MITIGATING AGRICULTURAL SOURCES OF PARTICULATE MATTER AND GREENHOUSE GAS EMISSIONS IN THE PACIFIC NORTHWEST
Location: Land Management and Water Conservation Research
Title: Detection of mRNAs in soils using targeted microarrays for genes associated with lignin degradation
| Bailey, Vanessa - |
| Fansler, Sarah - |
| Bandyopadhyay, Somnath - |
| Waters, Katrina - |
| Bolton, Harvey - |
Submitted to: Soil Biology and Biochemistry
Publication Type: Peer Reviewed Journal
Publication Acceptance Date: May 12, 2010
Publication Date: July 4, 2010
Citation: Bailey, V.L., Fansler, S.J., Bandyopadhyay, S., Smith, J.L., Waters, K.M., Bolton, H. 2010. Detection of mRNAs in soils using targeted microarrays for genes associated with lignin degradation. Soil Biology and Biochemistry. 42(10):1793-1799.
Interpretive Summary: Comparisons of soils on a microbial basis are difficult due to the wide diversity of microbial communities and the lack of specific methods. Using a different technique we were able to detect fungally derived lignin-degrading enzymes in soils. We found that restored prairie soil exhibited greater induced lignin degrading enzymes than a farmed agricultural soil. This is an important finding that suggests prairie soils without tillage may offset their carbon storage capacity by degrading recalcitrant lignin faster than agricultural soils. This information will have an impact for scientists studying soil carbon storage and environmental modelers developing carbon cycling models.
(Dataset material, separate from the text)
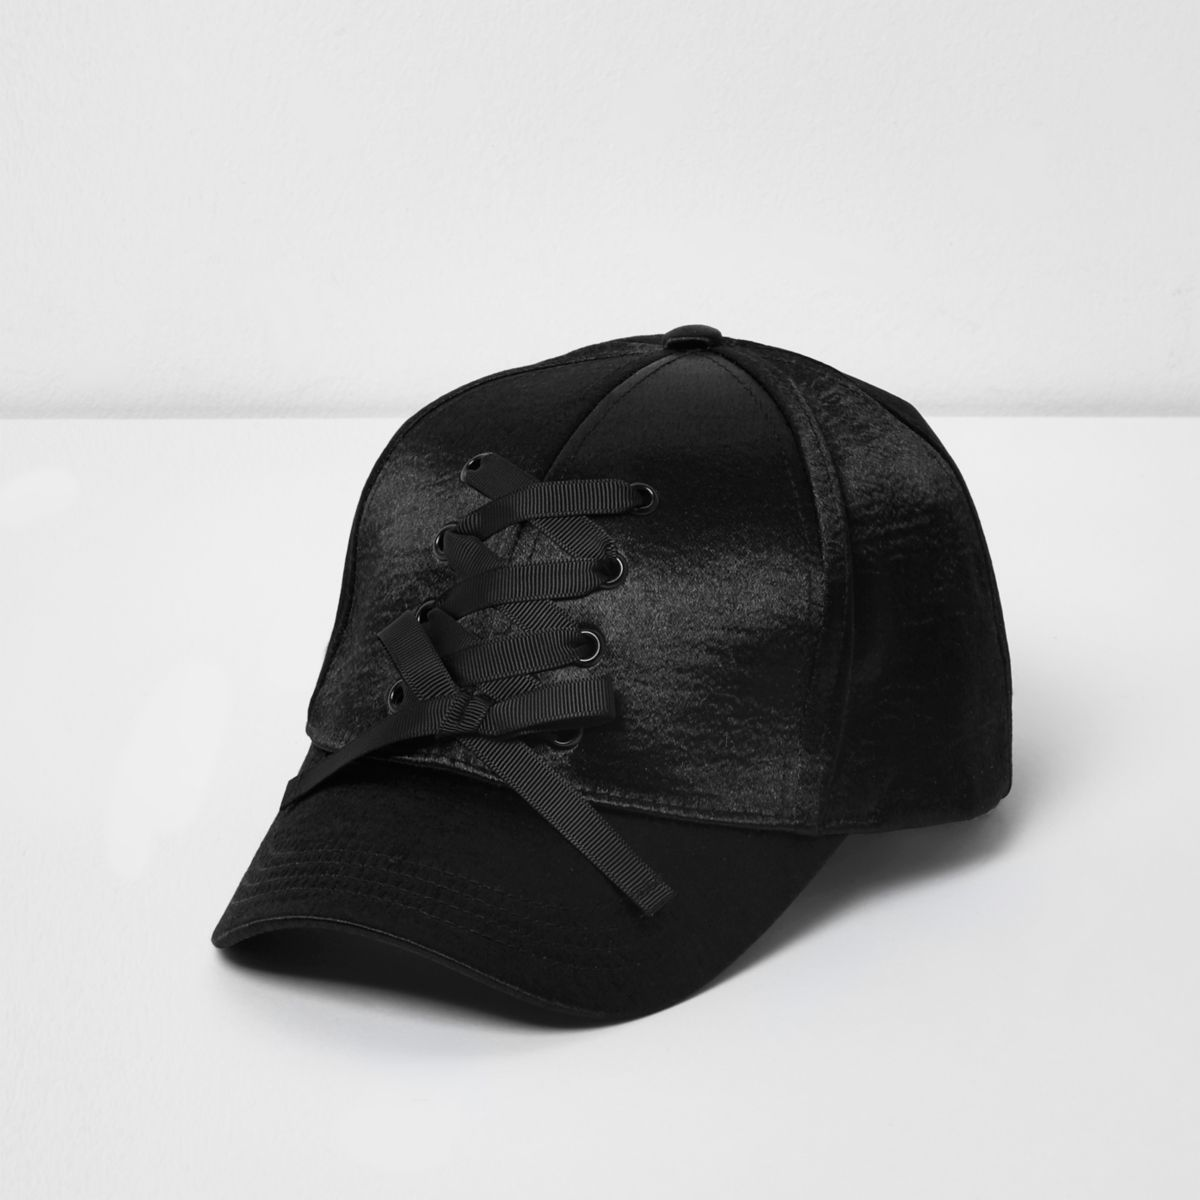 Girls black satin lace-up baseball cap

Microarrays have become established tools for describing microbial systems, however the direct assessment of expression profiles for uncharacterized environmental microbial communities still presents unique challenges. Notably, the concentration of particular transcripts are likely very dilute relative to the pool of total RNA, and PCR-based amplification strategies are vulnerable to amplification biases and the appropriate primer selection. Thus we apply a target labeling and amplification approach based on the Klenow fragment and signal amplification approach to detect expression of fungally derived lignin-degrading enzymes in soil. Controls in the form of known amplicons and cDNA from Phanerochaete chrysosporium were included and mixed with the soil cDNA both before and after the signal amplification in order to assess the dynamic range of the microarray. We demonstrate that restored prairie soil expresses a diverse range of genes potentially encoding lignin-degrading enzymes following incubation with lignin substrate, while a farmed agricultural soil does not. The mixed additions of control cDNA with soil cDNA does interfere with detection of the low abundance transcripts, nevertheless this microarray approach consistently reports the higher-abundance transcripts which present more robust signals.